→ **Supplied information**
——————————
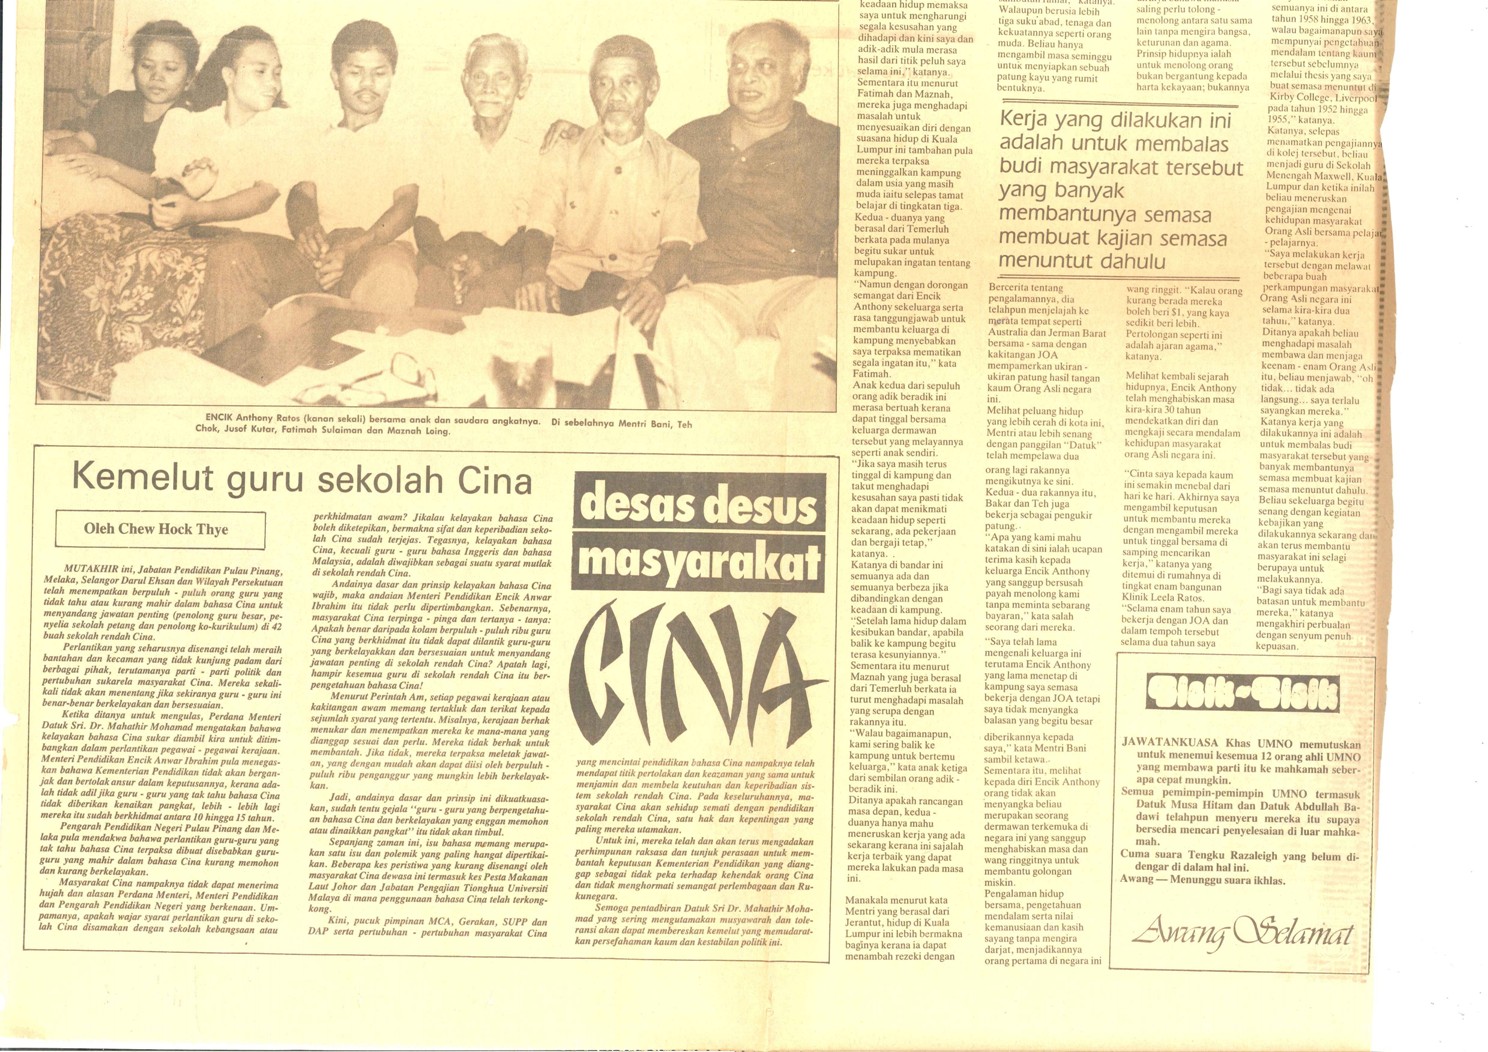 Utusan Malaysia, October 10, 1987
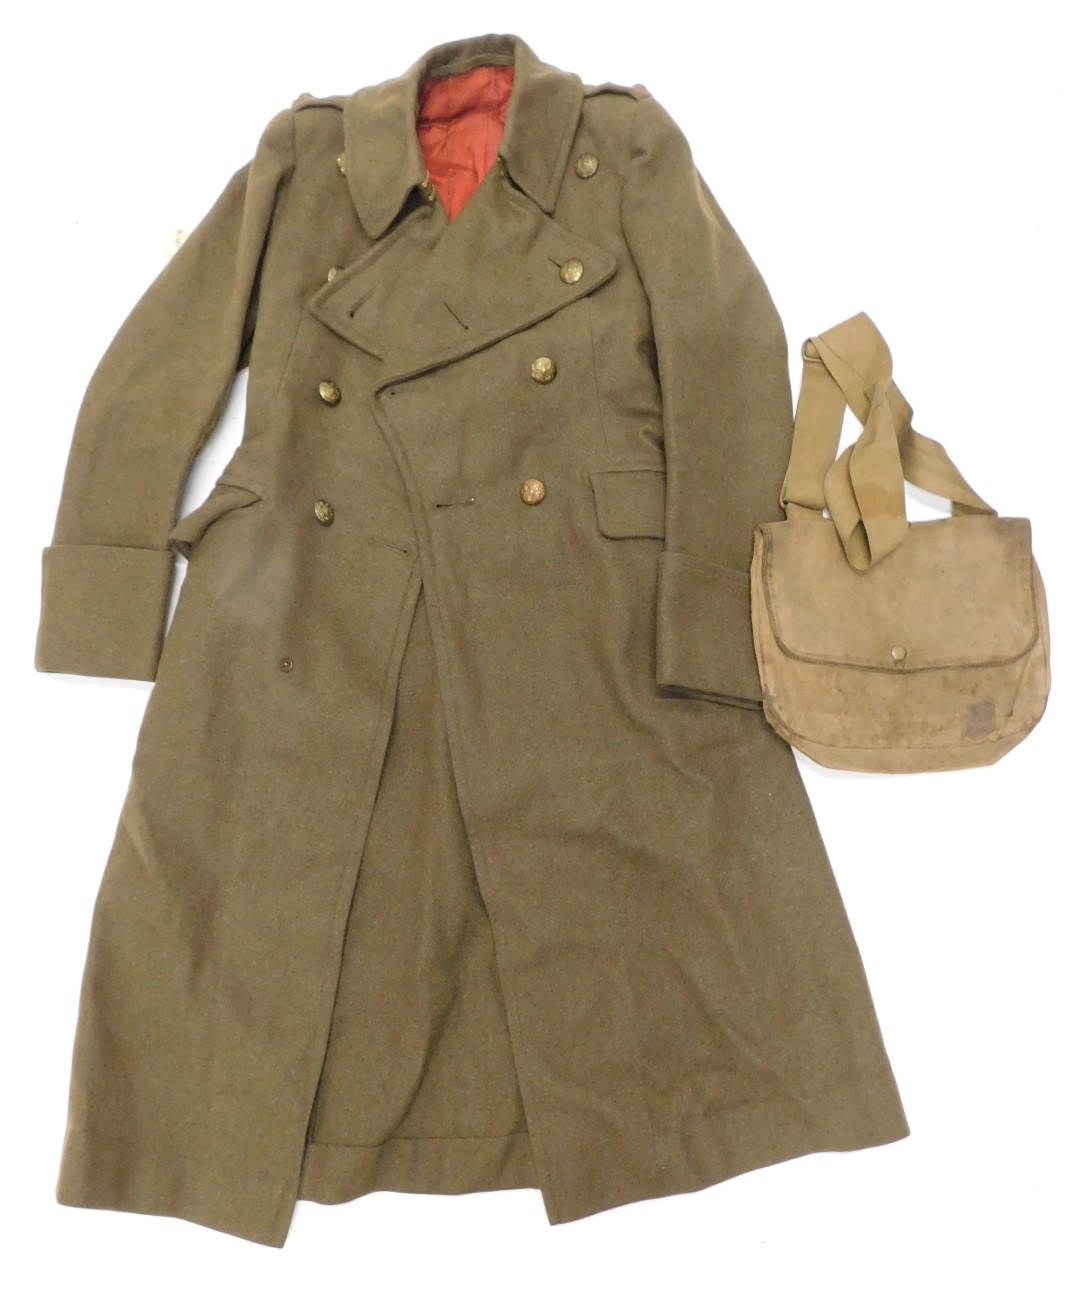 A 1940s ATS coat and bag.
——————————
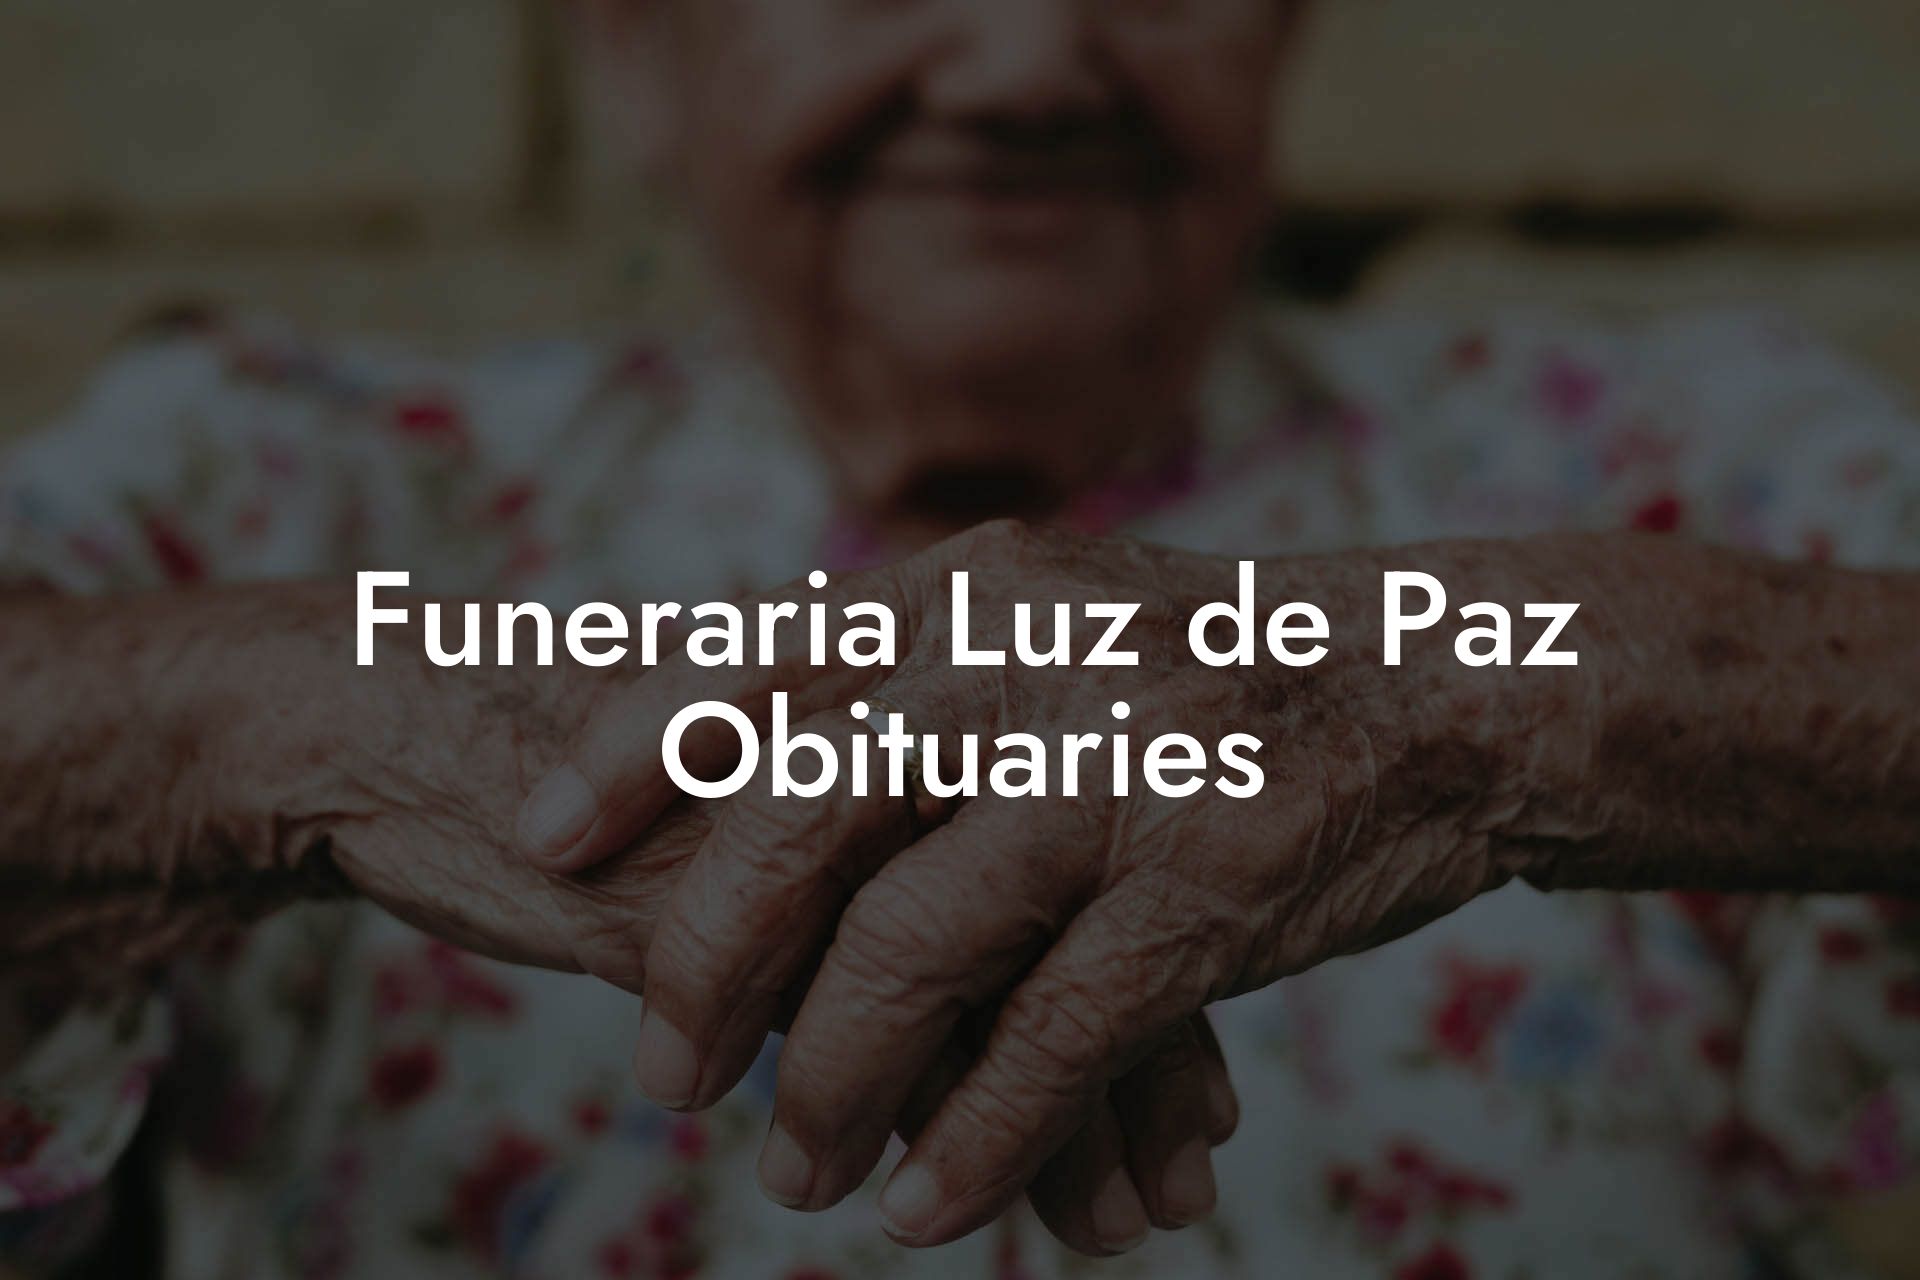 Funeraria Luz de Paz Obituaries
——————————
→ **Goal of the exercise**
Among the records above, locate the line containing "Utusan Malaysia, October 10, 1987" and the line containing "A 1940s ATS coat and bag.", then transcribe exactly the lines starting at the first and ending at the second, with no pictures.

→ **Response box**
 Utusan Malaysia, October 10, 1987
 A 1940s ATS coat and bag.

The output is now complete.